Write out exactly the lines from the one containing "10 Latest Disney" to the end of the material, both ends included, and nothing else. Leave pictures out.

- **Provided data**
* * * * *

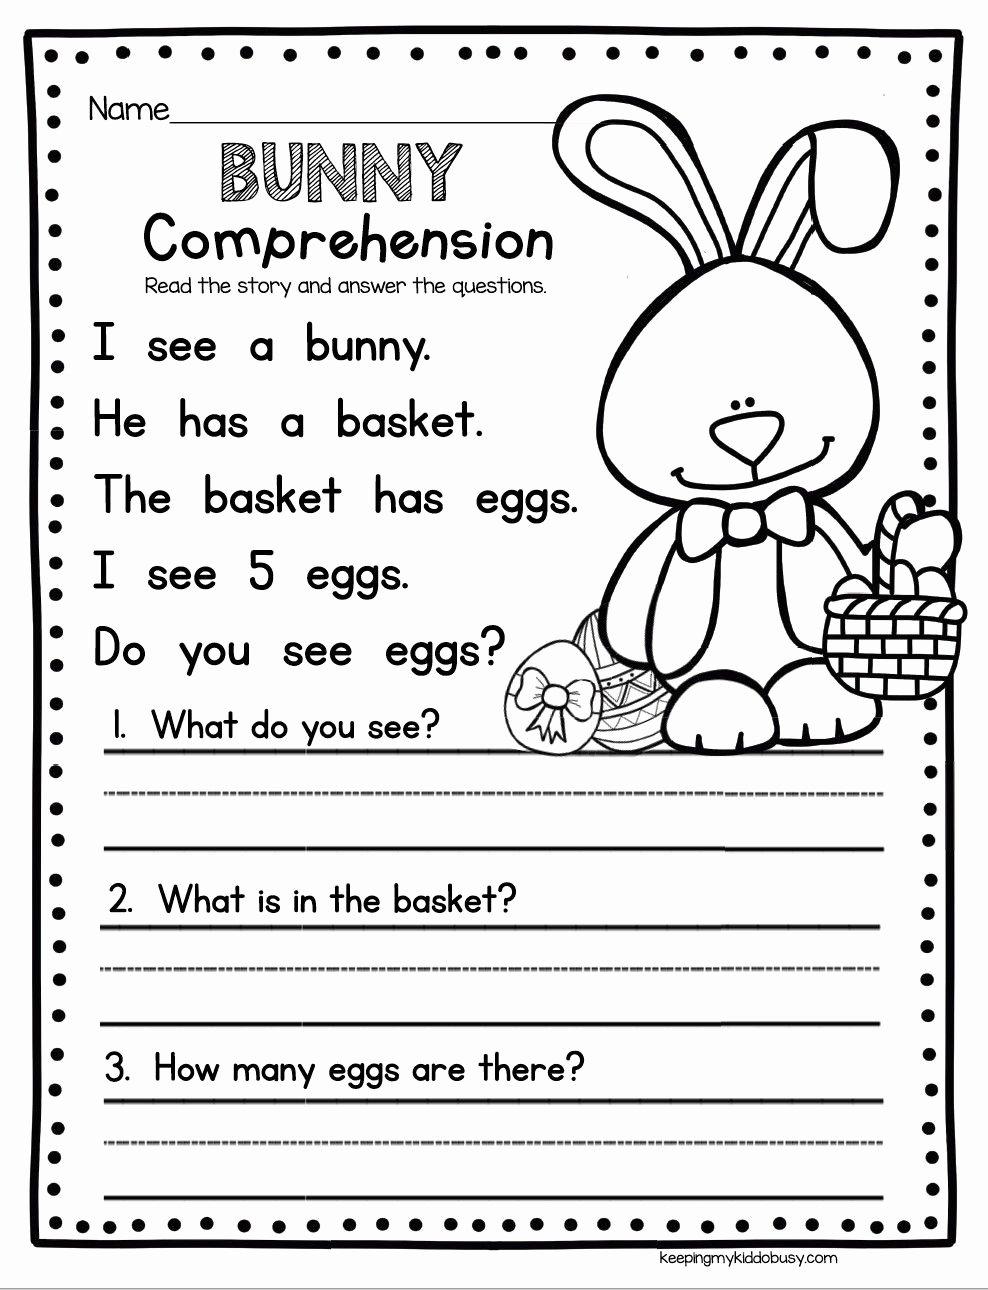 Literacy Worksheets for Preschoolers Fresh Math Worksheet Kindergarten Literacy Activities Worksheets
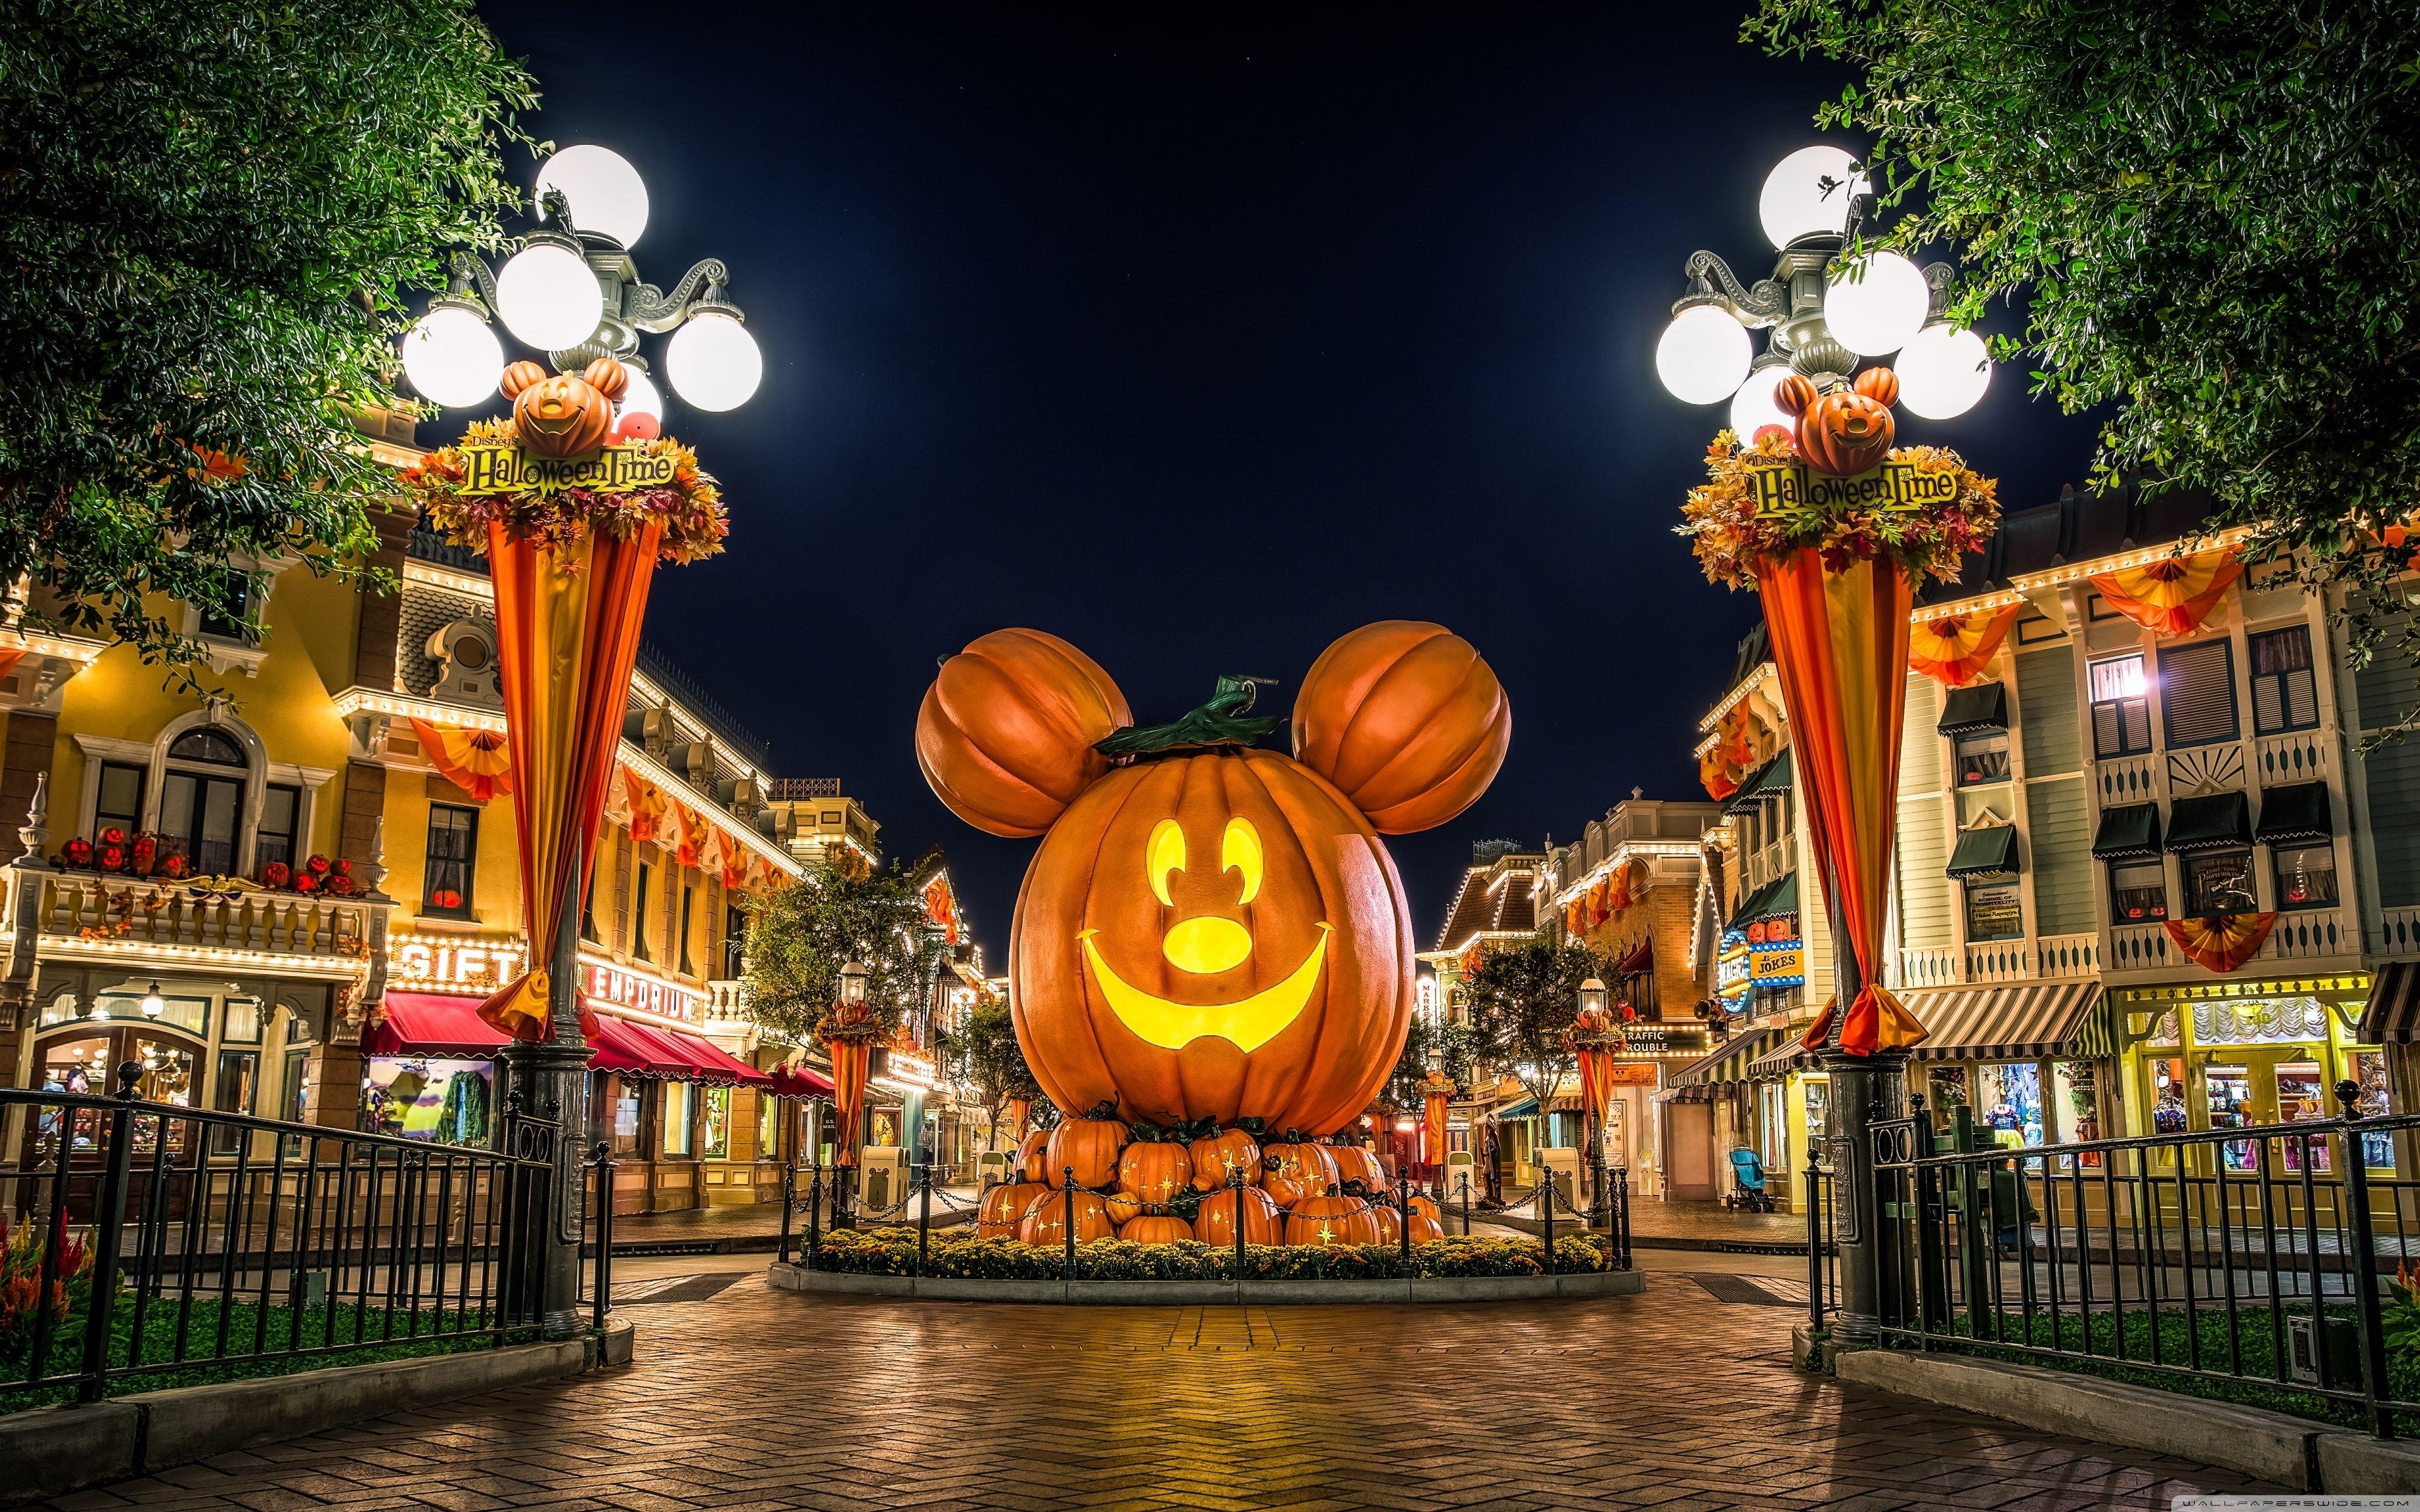 10 Latest Disney World Halloween Desktop Background Full Hd 1080p For Pc Des Halloween Desktop Wallpaper Disney World Halloween Halloween Wallpaper Backgrounds
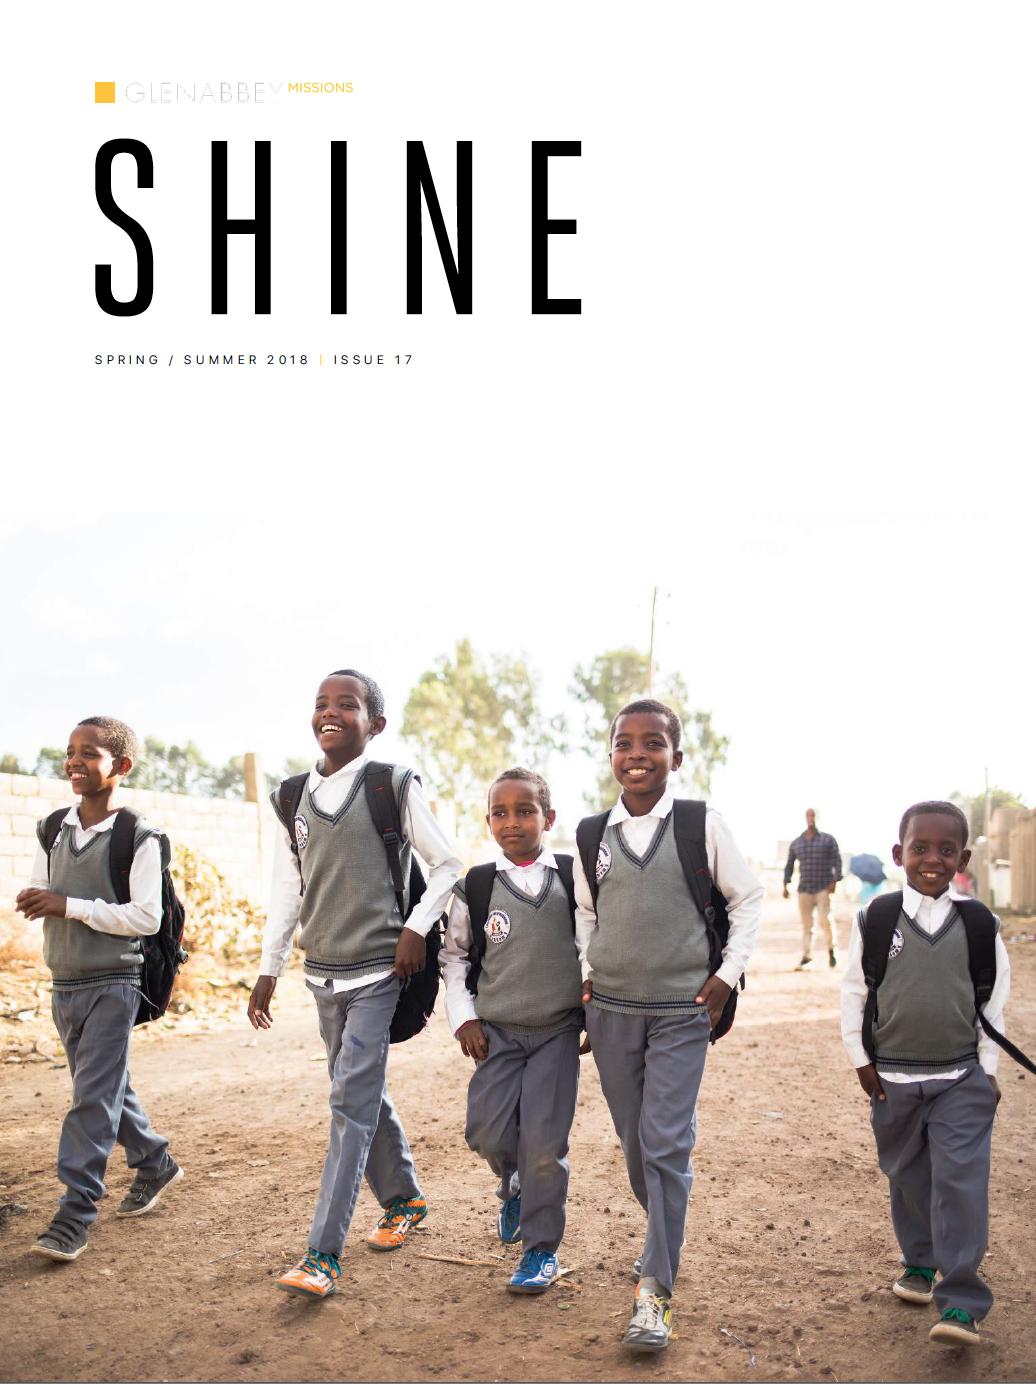 Shine Issue 17 - Spring / Summer 2018

* * * * *

- **Solved problem**
 10 Latest Disney World Halloween Desktop Background Full Hd 1080p For Pc Des Halloween Desktop Wallpaper Disney World Halloween Halloween Wallpaper Backgrounds
 Shine Issue 17 - Spring / Summer 2018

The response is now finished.